Ao narrar estas anedotas familiares, Marcelo não utiliza um tom julgamental ou acusatório, mas defensivo, em primeira pessoa, de compreensão aberta das hipocrisias sexistas legitimadas por uma sociedade machista e classista. E, não por acaso, imediatamente em seguida, ele apresenta-nos aos seus parceiros virtuais em aplicativos eletrônicos para obtenção de sexo fugaz: um dos rapazes é podólatra; outro urina nele com relativa freqüência; um terceiro introduz-lhe componentes cibernéticos no ânus; um quarto ilude-se com os seus gemidos histriônicos durante a transa; um quinto ejacula em seu rosto, numa alusão litúrgica ao poeta romântico alemão Novalis, que viveu entre 1772 e 1801, numa obsessão intensificada pela busca da rosa azul do título. Se, no século XVIII, esta busca tendia a ser infecunda para Novalis, hoje, flores de quaisquer cores, por mais artificiais que pareçam, podem ser encontradas facilmente em qualquer supermercado de esquina. As utopias perderam o sentido na contemporaneidade? Essa talvez seja a questão mais elementar deste filme-ensaio primoroso, que defende a sexualização como traço elementar do cotidiano saudável. Mesmo para quem tem AIDS, inclusive: a saúde defendida pelo filme é de outra esfera, transcendental, holística.

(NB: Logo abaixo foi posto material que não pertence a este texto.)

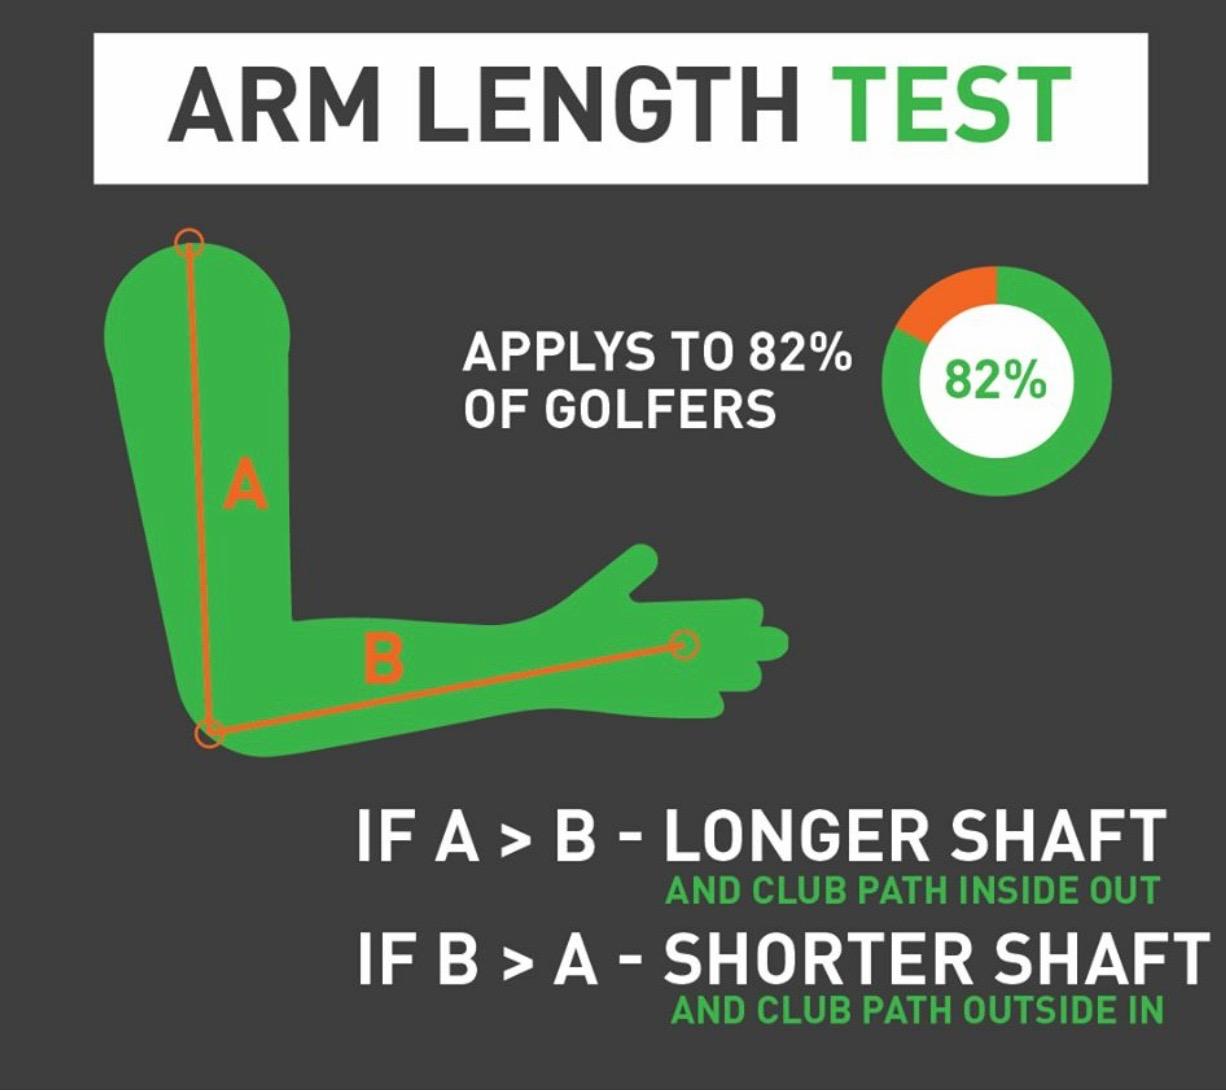 画像: 上腕のほうが前腕より長い人は長尺、逆の人は短尺が合う

Alegando ser uma reencarnação contemporânea de Novalis, Marcelo Diorio interage com impressionante desenvoltura com os diretores/entrevistadores do filme, irritando-se quando perguntam-lhe “o que ele faz” – ao que ele responde que a sua imponência reside justamente em “ser inútil” – e participando de reconstituições surrealistas de sua vida, como o funeral de seu irmão-amante e a reprodução de lampejos comemorativos da infância na pomada verde espalhada em seu rosto. Um filme belíssimo e mui criativo em sua sensibilidade eminentemente política, que incomoda sobremaneira os apoiadores bolsonaristas, que clamarão por seu boicote tão logo saibam de sua existência e conteúdo. Por isso, é mister ver e difundir esta jóia da Sétima Arte o quanto antes: um dos melhores e mais eloqüentes filmes de 2019!

Em meio às suas falas repletas de vigor e erotismo, Marcelo eventualmente pede para quedar em silêncio ou oferece café à equipe técnica do filme. É um homem real, que precisa lidar com cuidados muito específicos, em razão da imunodeficiência que o aflige. Por mais ousado que o filme seja desde o primeiro instante, Marcelo reclama que ele tende a ficar “careta” e, recitando poemas da gloriosa Hilda Hist (1930-2004), oferta seu ânus ao foco intenso mais uma vez e traça paralelismos entre esta parte socialmente obnubilada do corpo e a existência de Deus: “Deus é nosso cu, onde todos nós perdemo-nos”, apregoa ele, num dos momentos conclusivos do filme. Obrigatório enquanto petardo vivo de suma resistência!